> [DATASET EXCERPT]:

*** Block opens ***

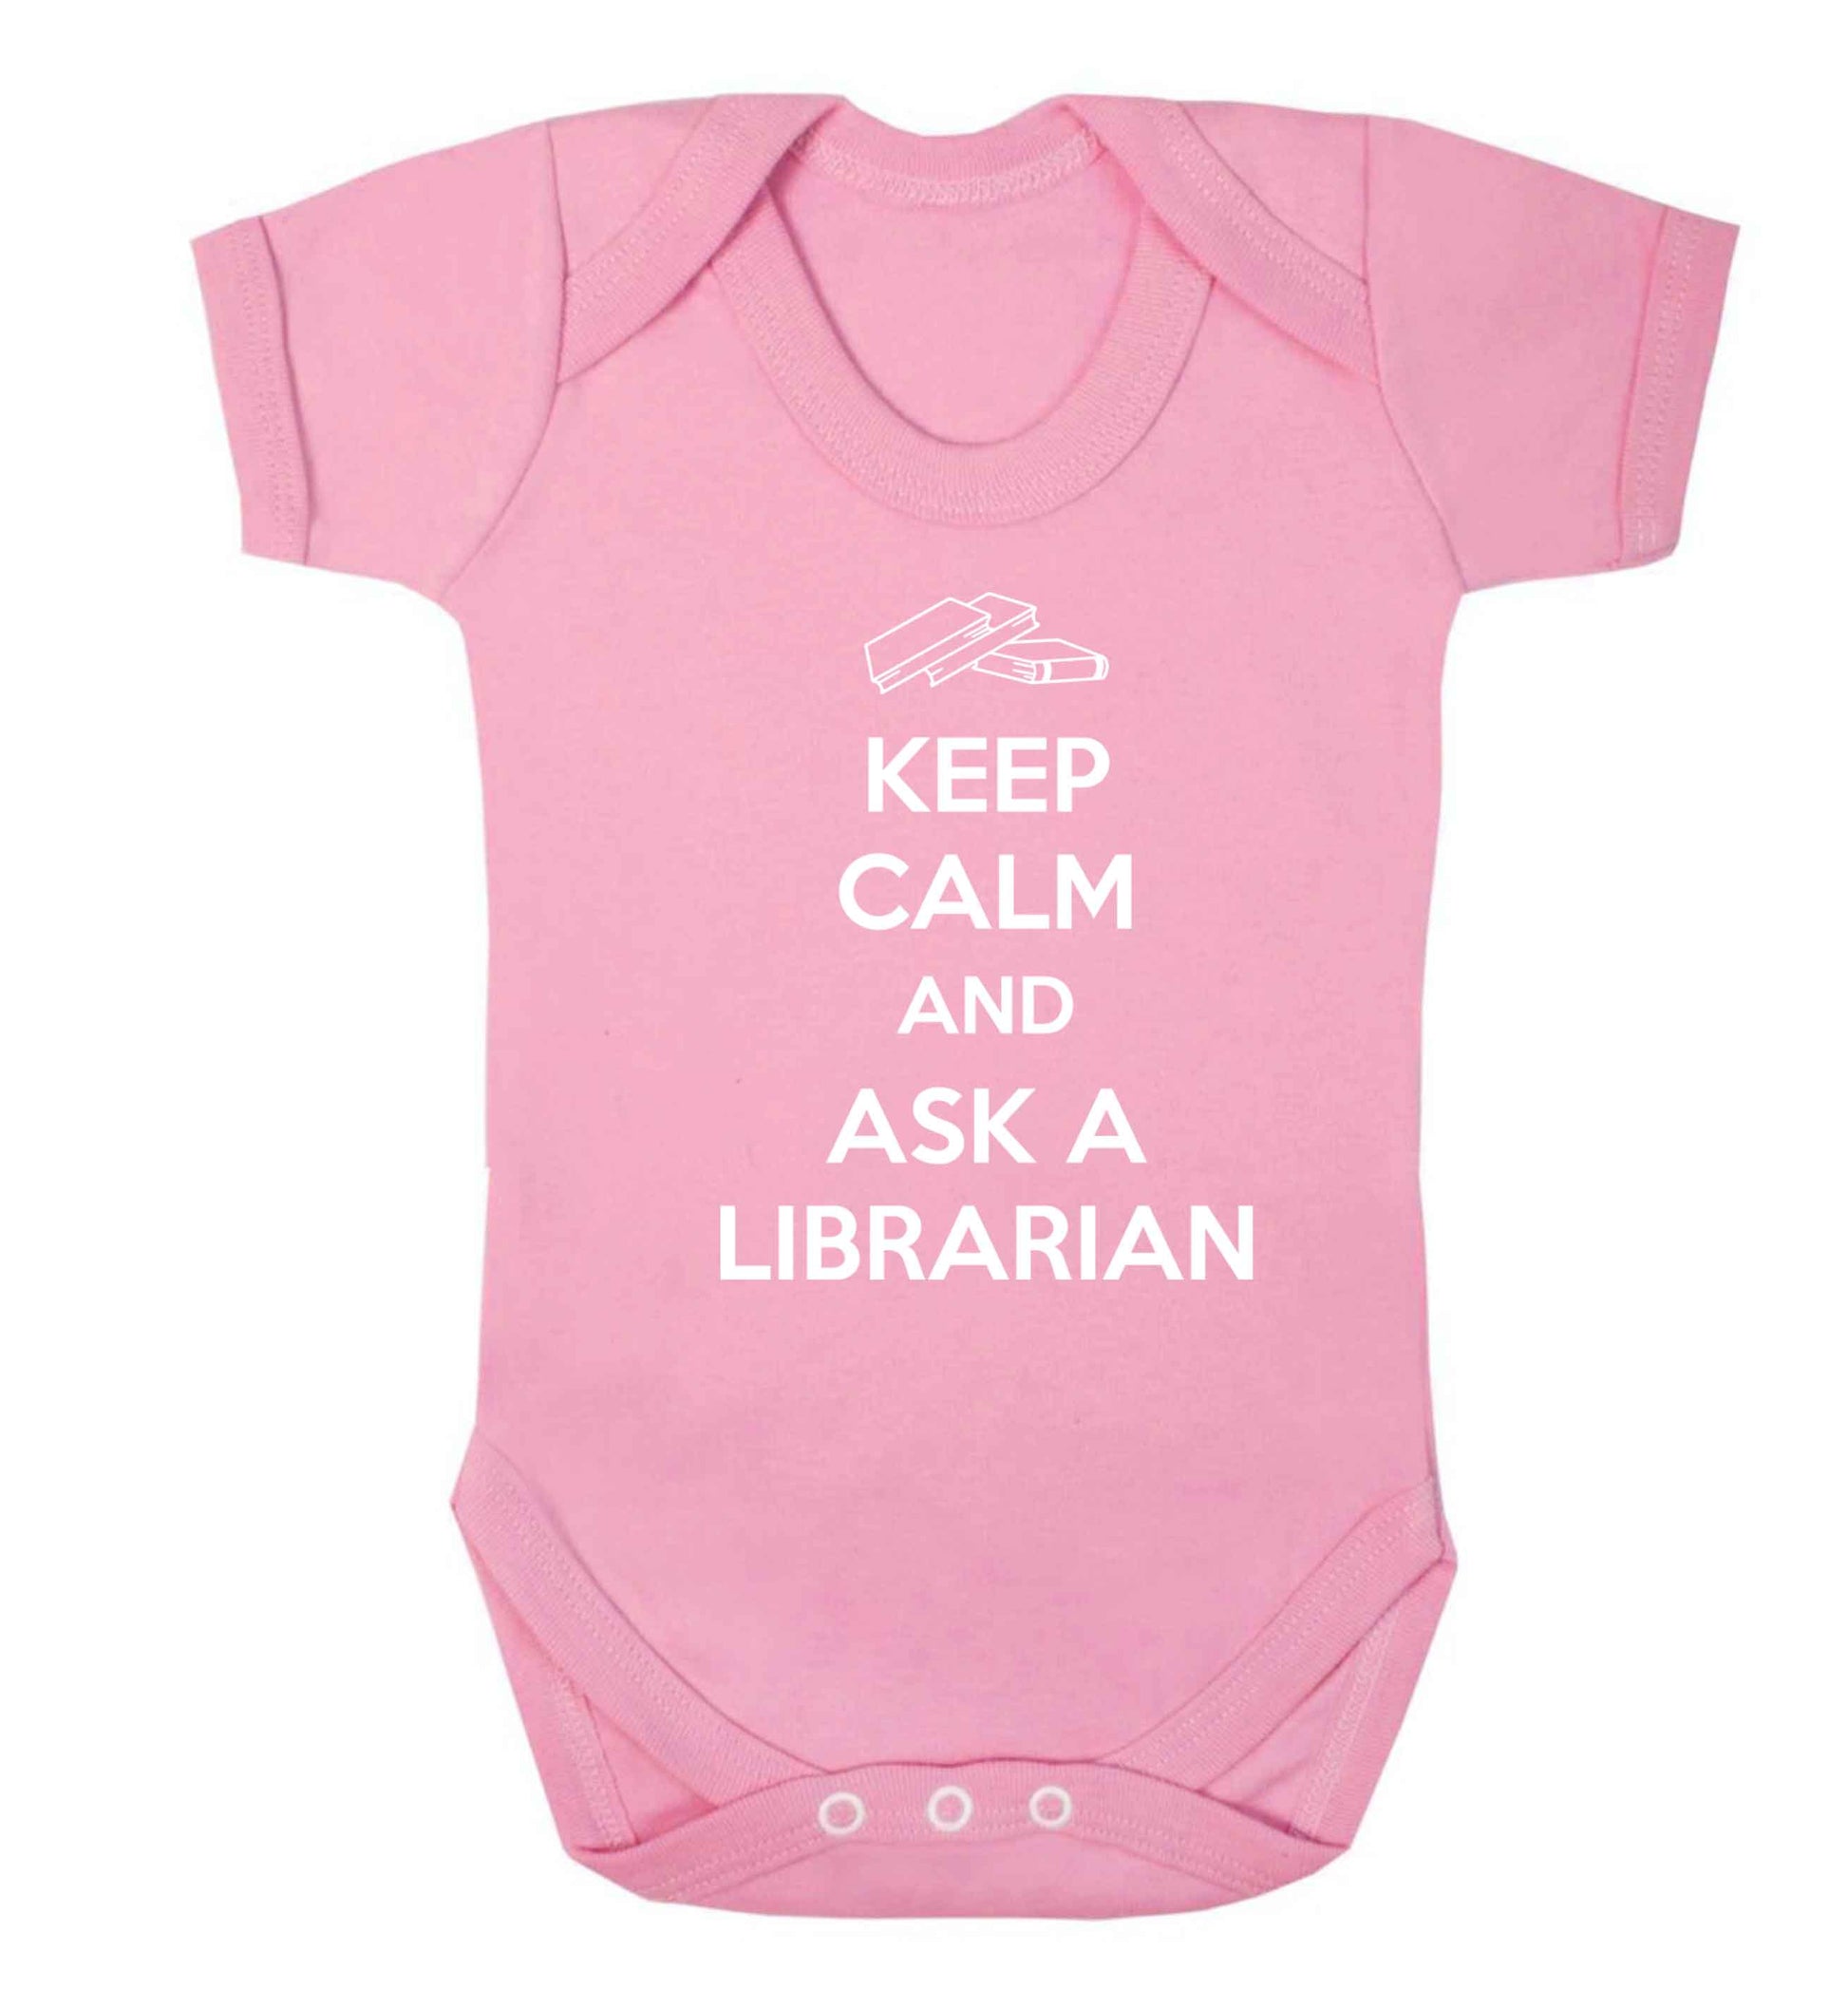 Keep calm and ask a librarian Baby Vest pale pink 18-24 months
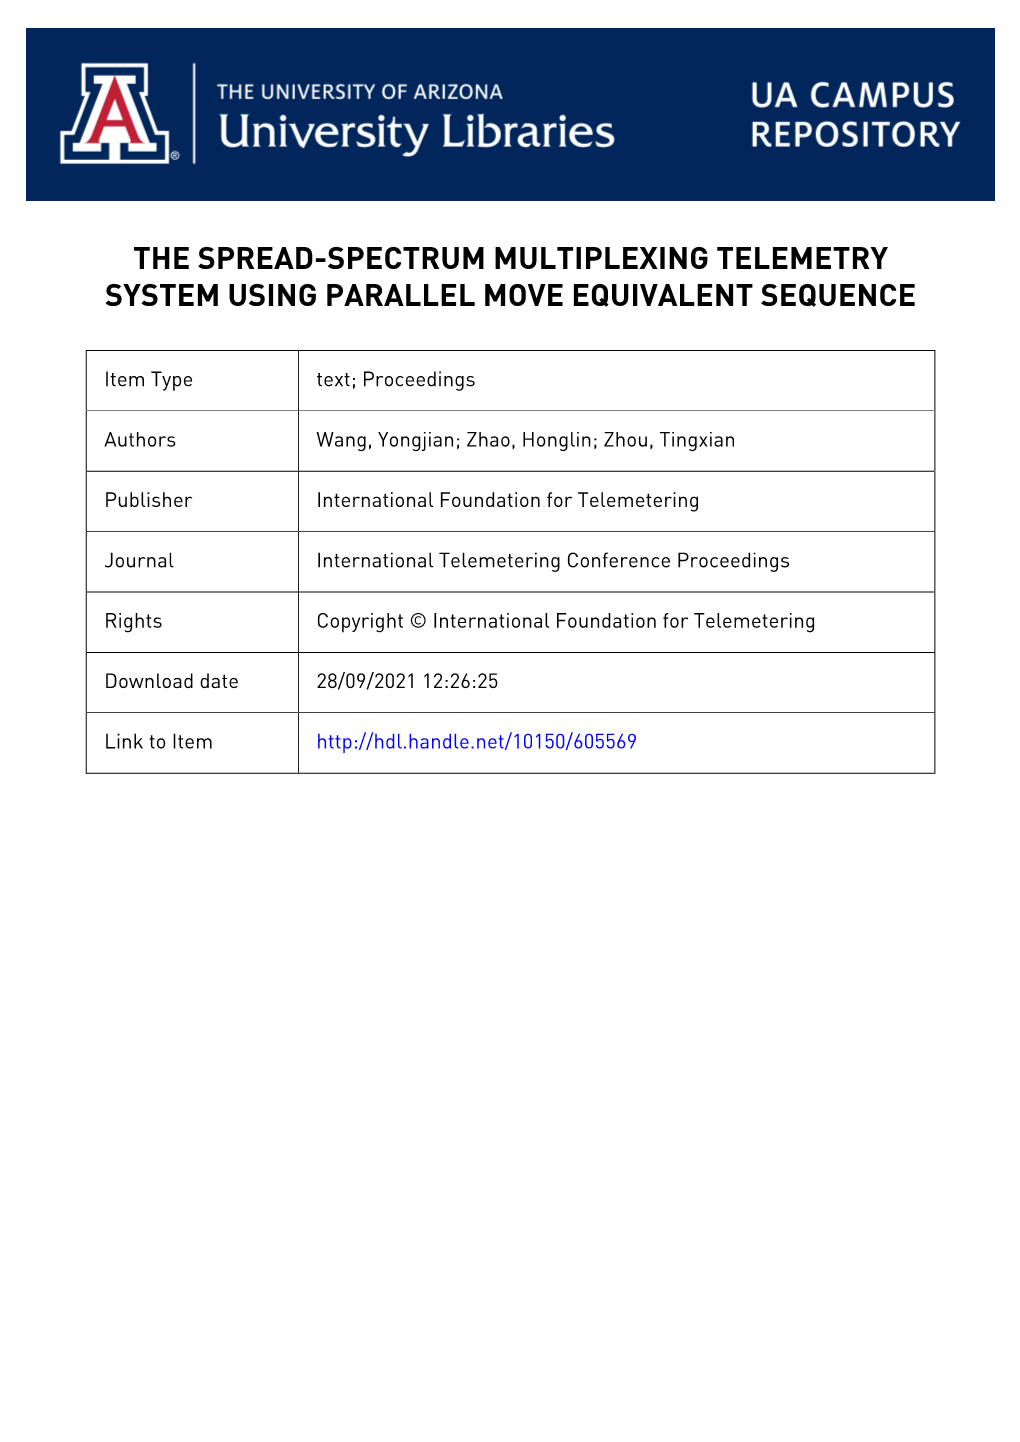 The Spread-Spectrum Multiplexing Telemetry System Using Parallel Move Equivalent Sequence
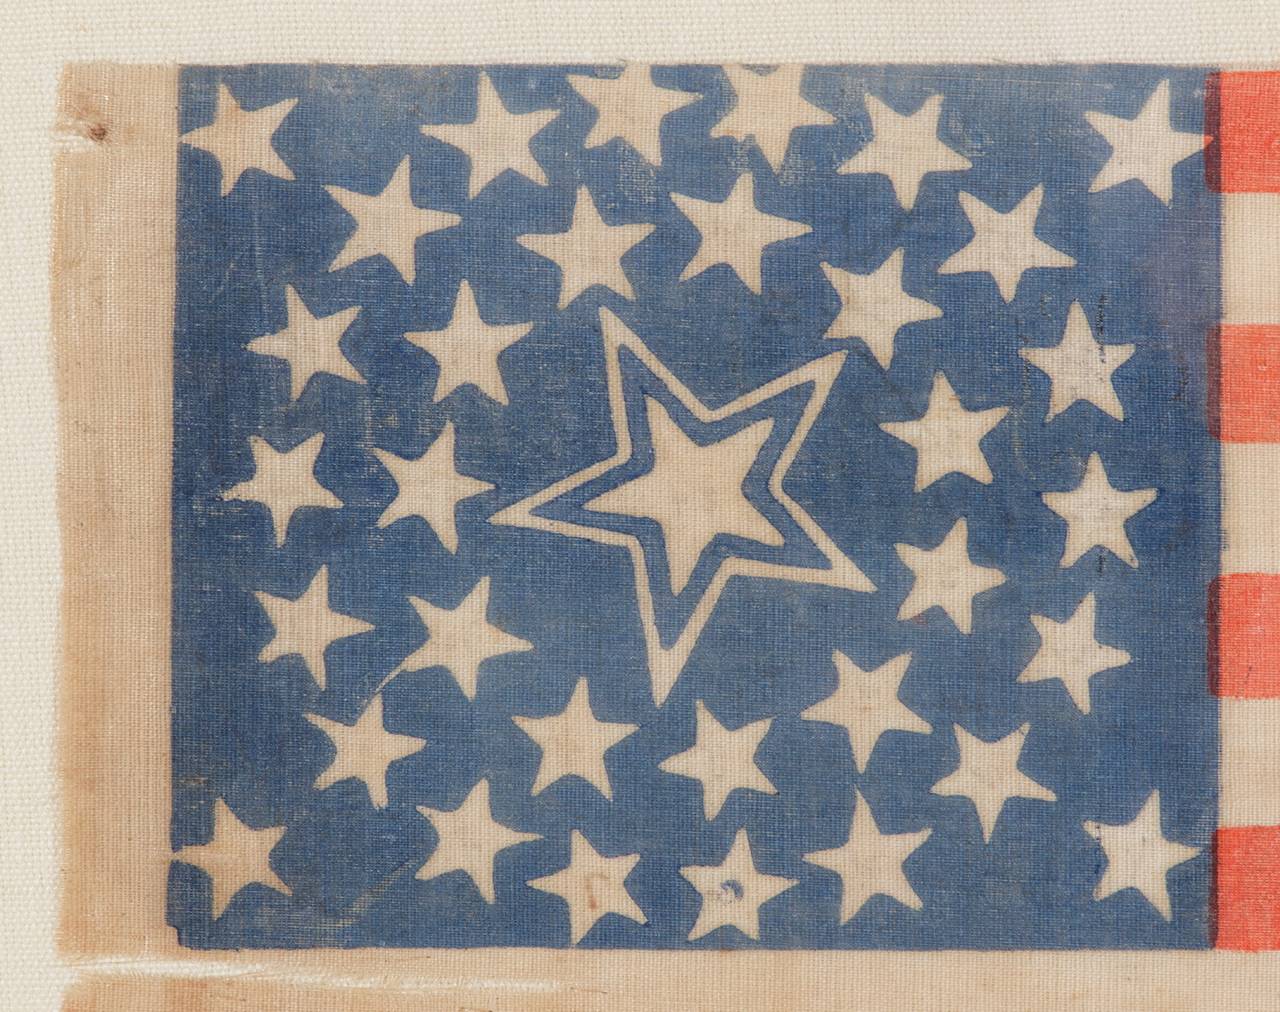 American 34 Star Flag in a Medallion Configuration with a Large Haloed Center Star

*** Block closes ***

> [WHAT NEEDS TO BE DONE]:
Starting at the line that contains "The Spread-Spectrum Multiplexing", please write out each line through the last line of the data, both ends included, and keep pictures out of the copy.

> [SOLUTION BELOW]:
 The Spread-Spectrum Multiplexing Telemetry System Using Parallel Move Equivalent Sequence
 American 34 Star Flag in a Medallion Configuration with a Large Haloed Center Star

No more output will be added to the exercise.